In addition to the significant increase in “federal taxes” and various “local fees” in the new year that we previously described, the criminal “authorities” delighted the residents of occupied Sevastopol by promising that, starting in January, they would “pay management companies more for the maintenance of residential premises in apartment buildings,” the increase in these “fees” was approximately 17%. The last time these “tariffs” were raised was in May 2024, when the increase was approximately 7%.
Against this backdrop, Sevastopol gauleiter Mikhail Razvozhaev decided to “delight” the population with new, disappointing forecasts for a number of long-term construction projects, previously pompously advertised as part of “federal projects.”
In particular, the previously repeatedly delayed “completion of the emergency hospital” is being pushed back to the end of 2027, allegedly “due to sanctions.”

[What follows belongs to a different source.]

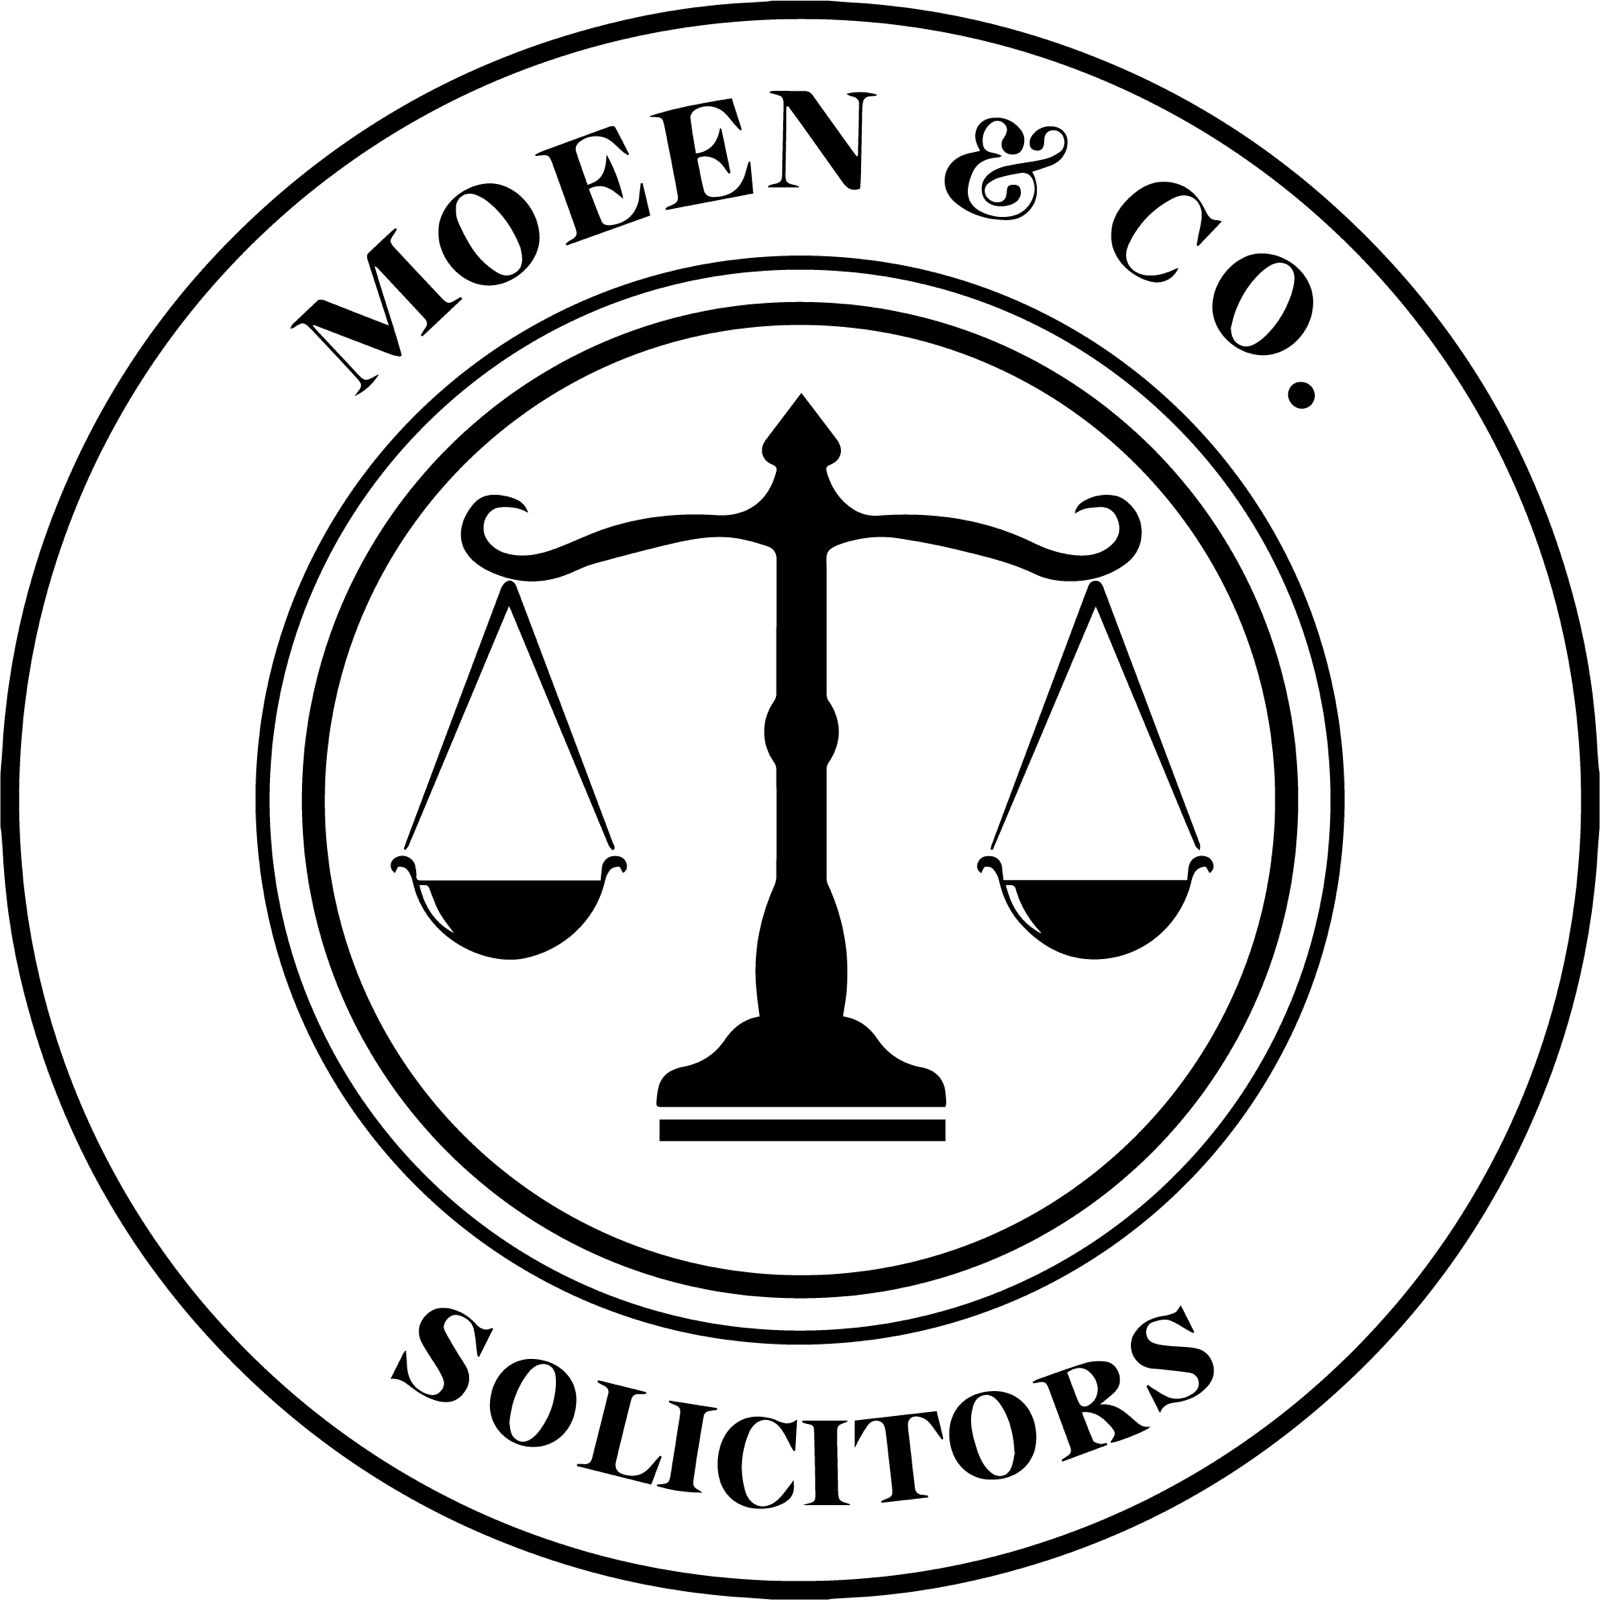 Moeen & Co. Solicitors

Razvozhaev claimed that the hospital was supposedly previously intended to receive “imported heavy medical equipment that proved unavailable,” and that “replacing the equipment with similar equipment would require a revision of the projects: changes to utility networks, ventilation, power supply, room dimensions, and even doorways.”

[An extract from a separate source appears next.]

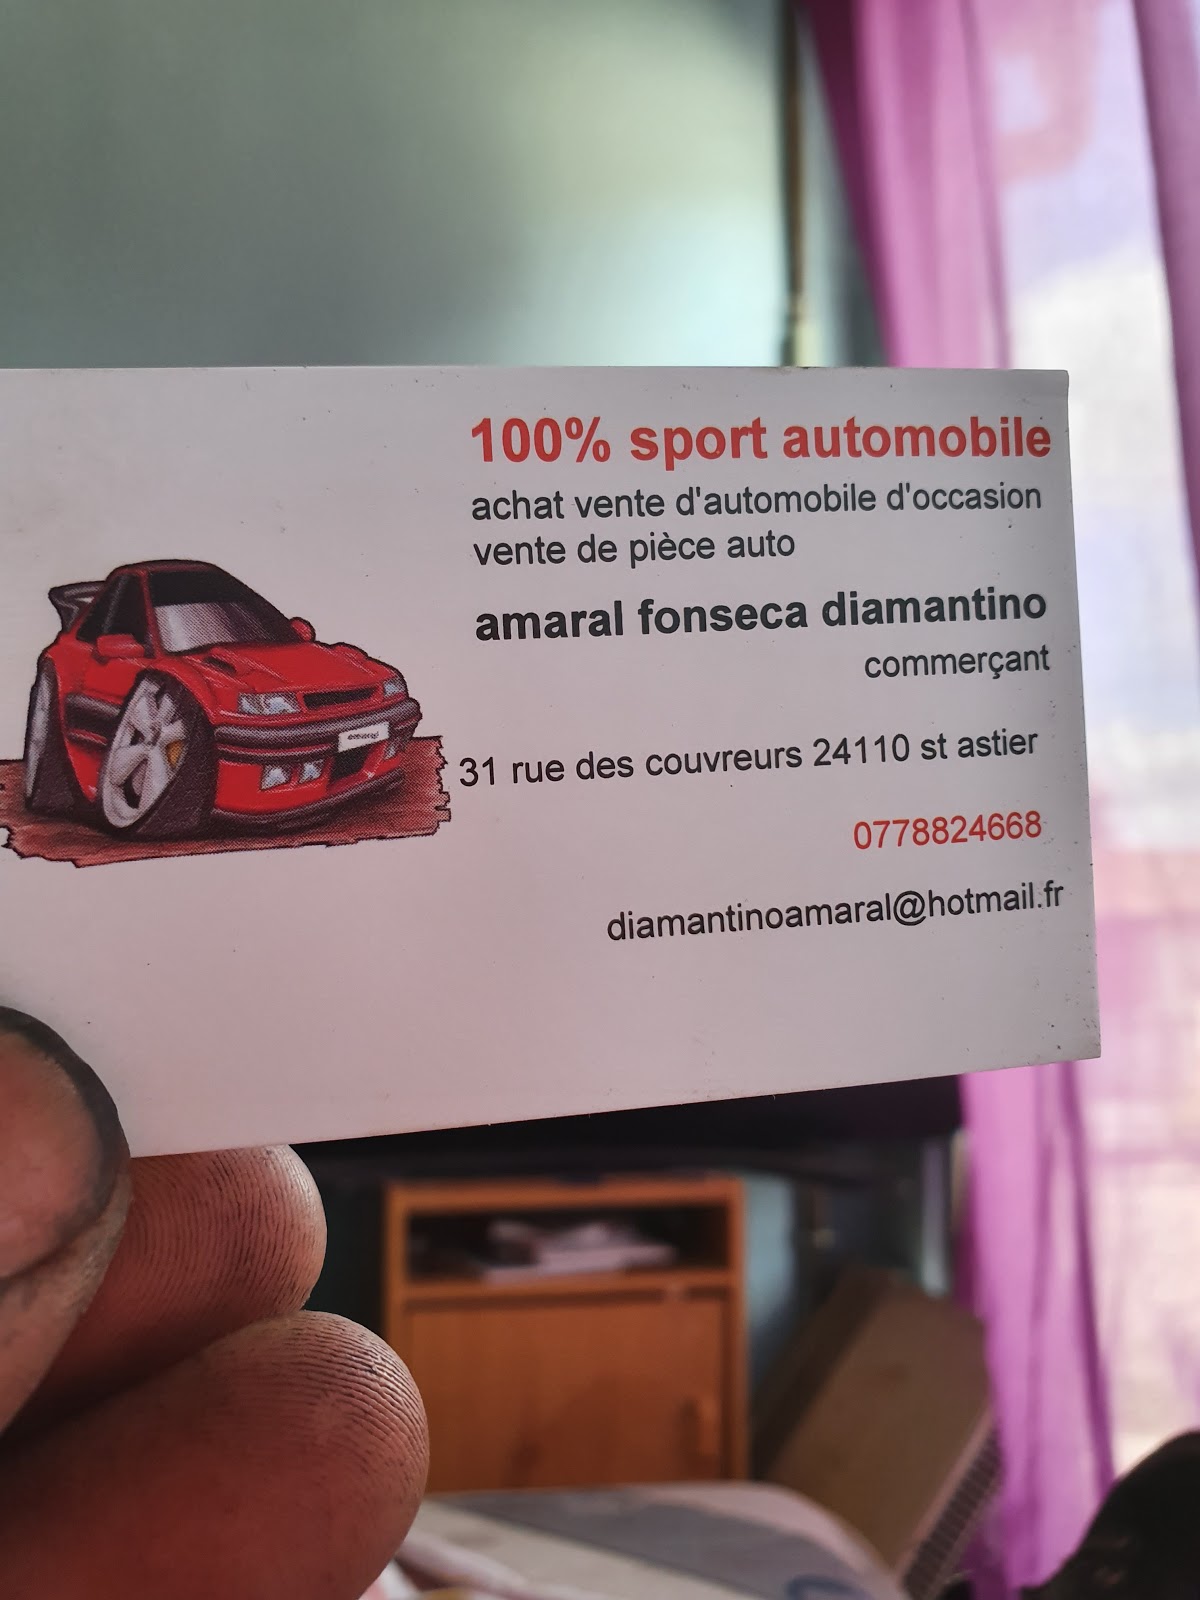 100% sport automobile

However, Razvozhaev is clearly being disingenuous here, as the same “reason” was stated in 2023, and nothing has been done since then; all the alleged “project changes” described were supposedly “agreed upon” all along.

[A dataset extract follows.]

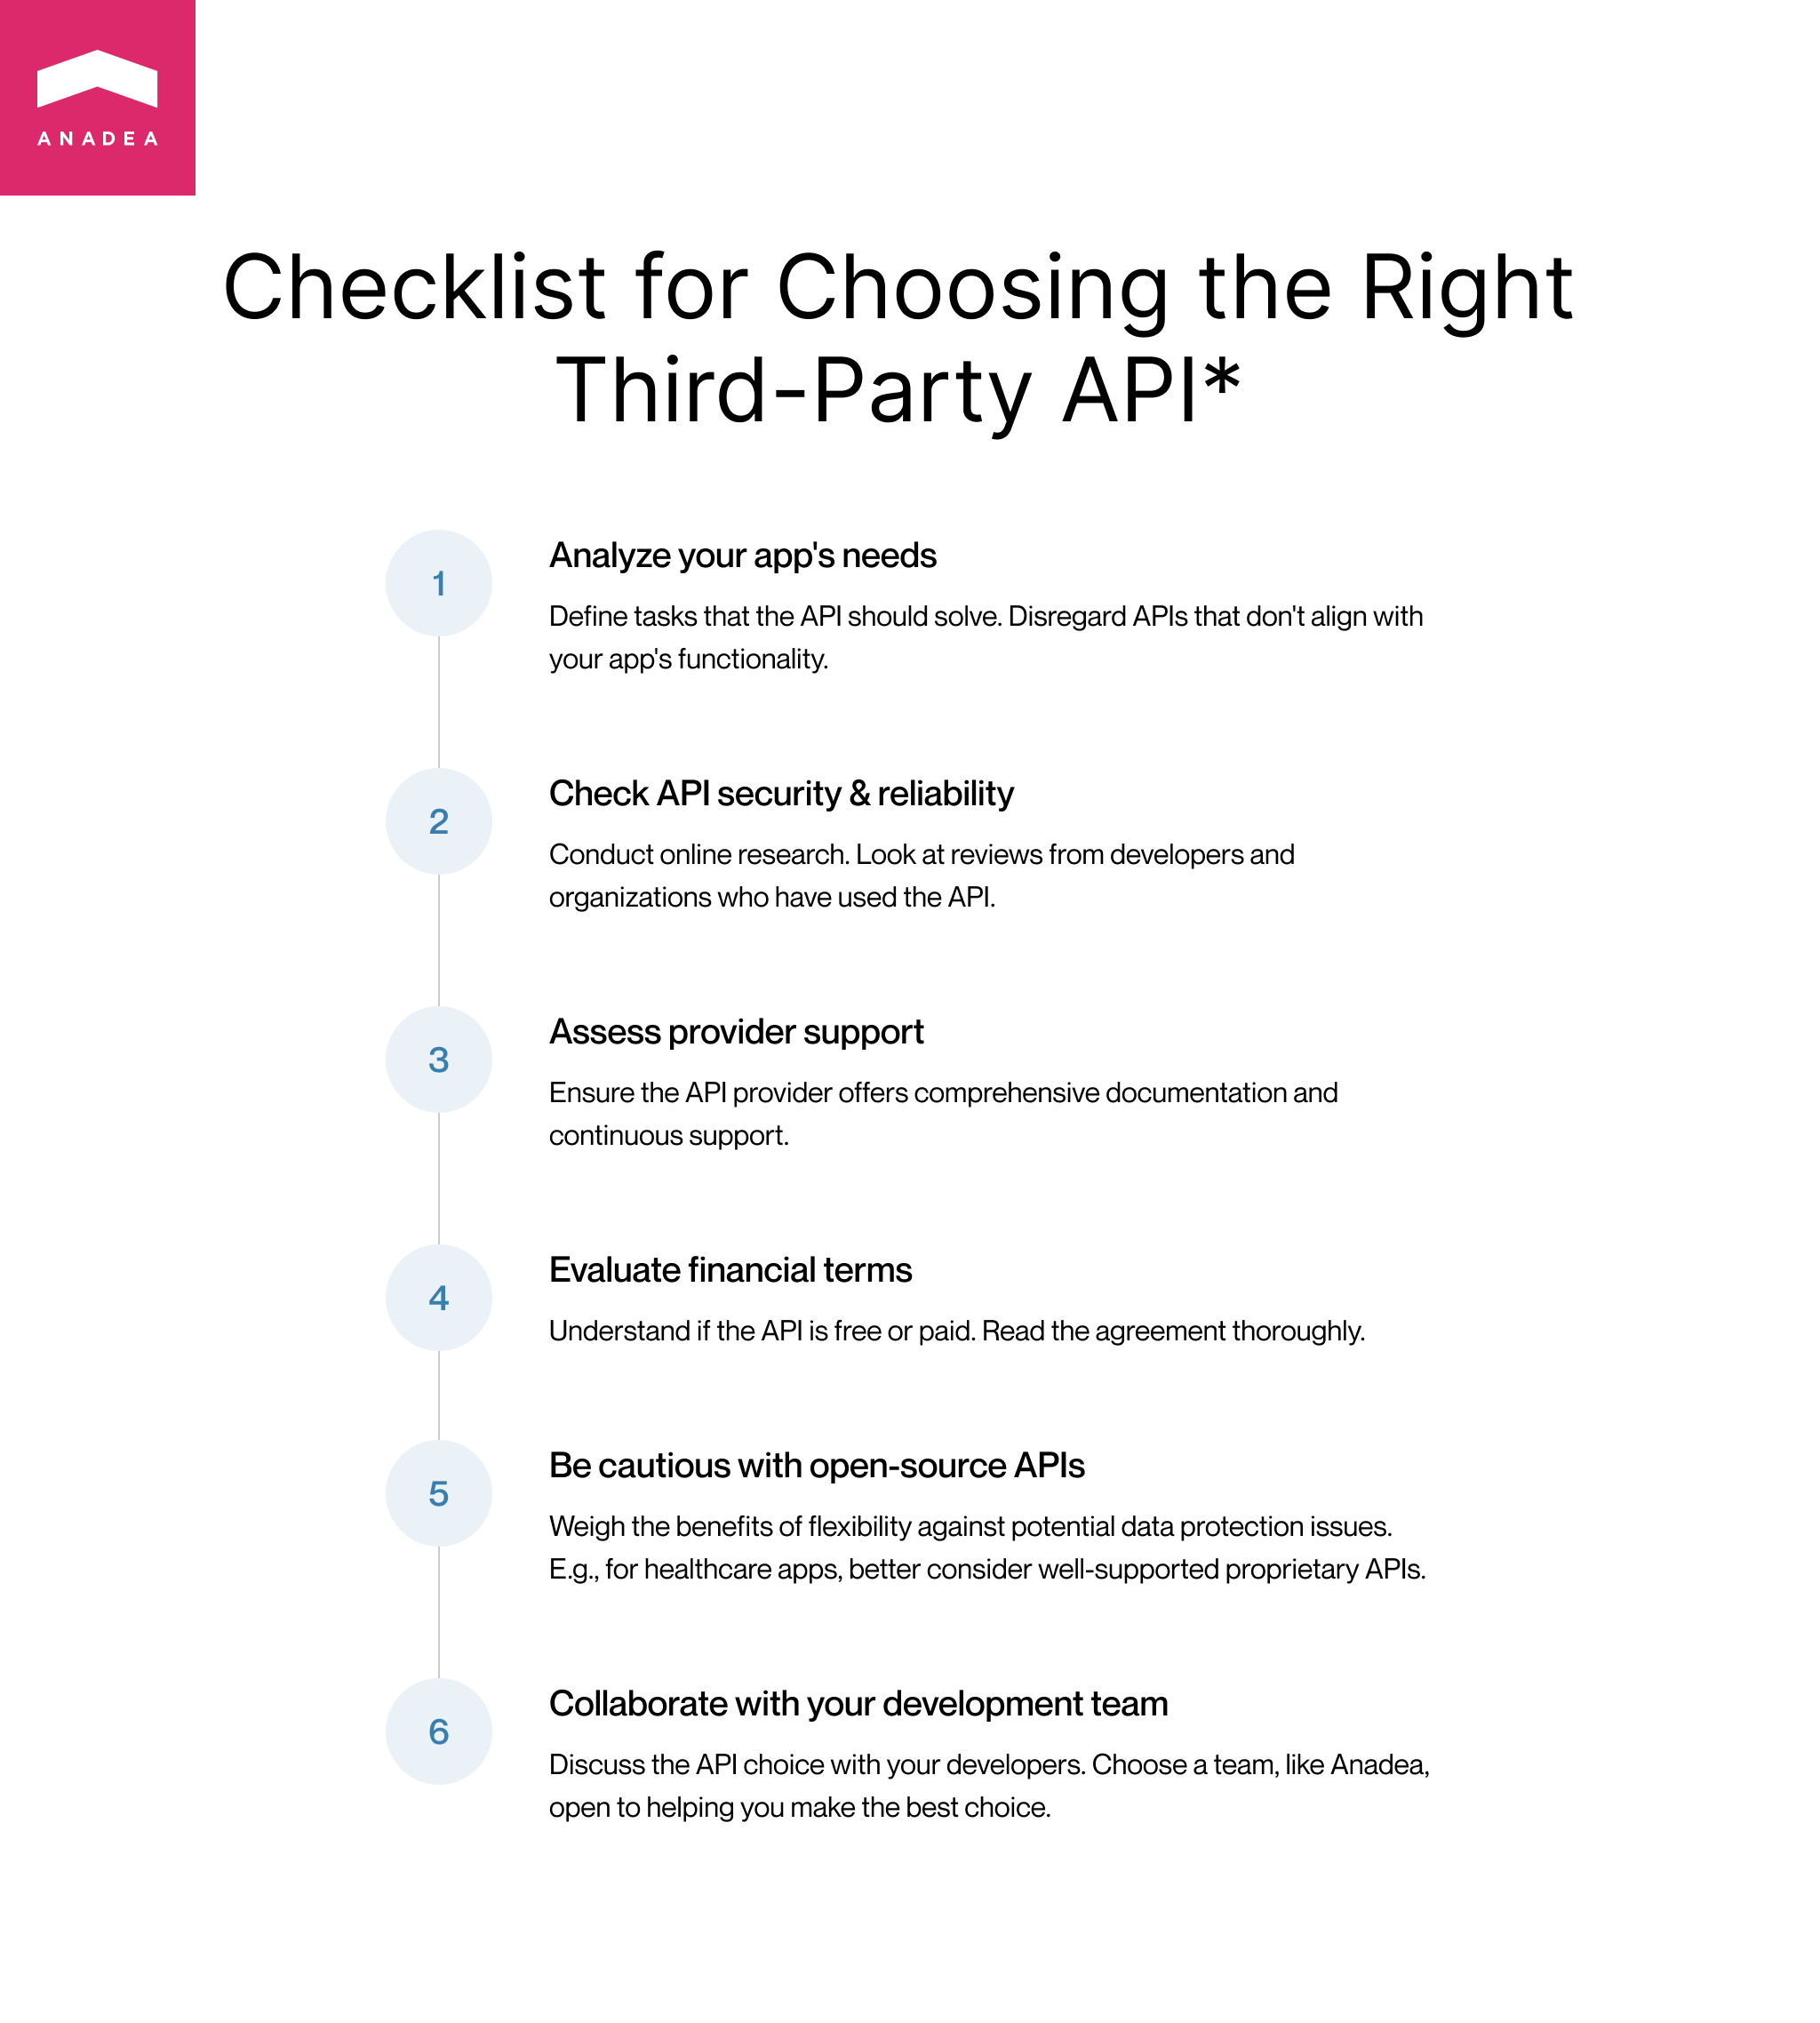 How to choose medical API - Checklist

And the gauleiter has now come up with another “reason” for postponing the launch of the “industrial park”: allegedly, the 102nd PES of the aggressor’s ministry of defense was responsible for the “technical connection” to the “industrial park” power grid.
But now, as the gauleiter “laments,” “it turns out that colleagues were counting on supplying power through another project they were developing for the ministry of defense, and in the process, connecting it to an industrial park,” but that “ministry of defense project has been postponed.”
Now Razvozzhaev promises to “approve the park project,” which will have “not three stages but one,” by the end of 2026, but he declined to specify where the occupiers will find the required megawatt.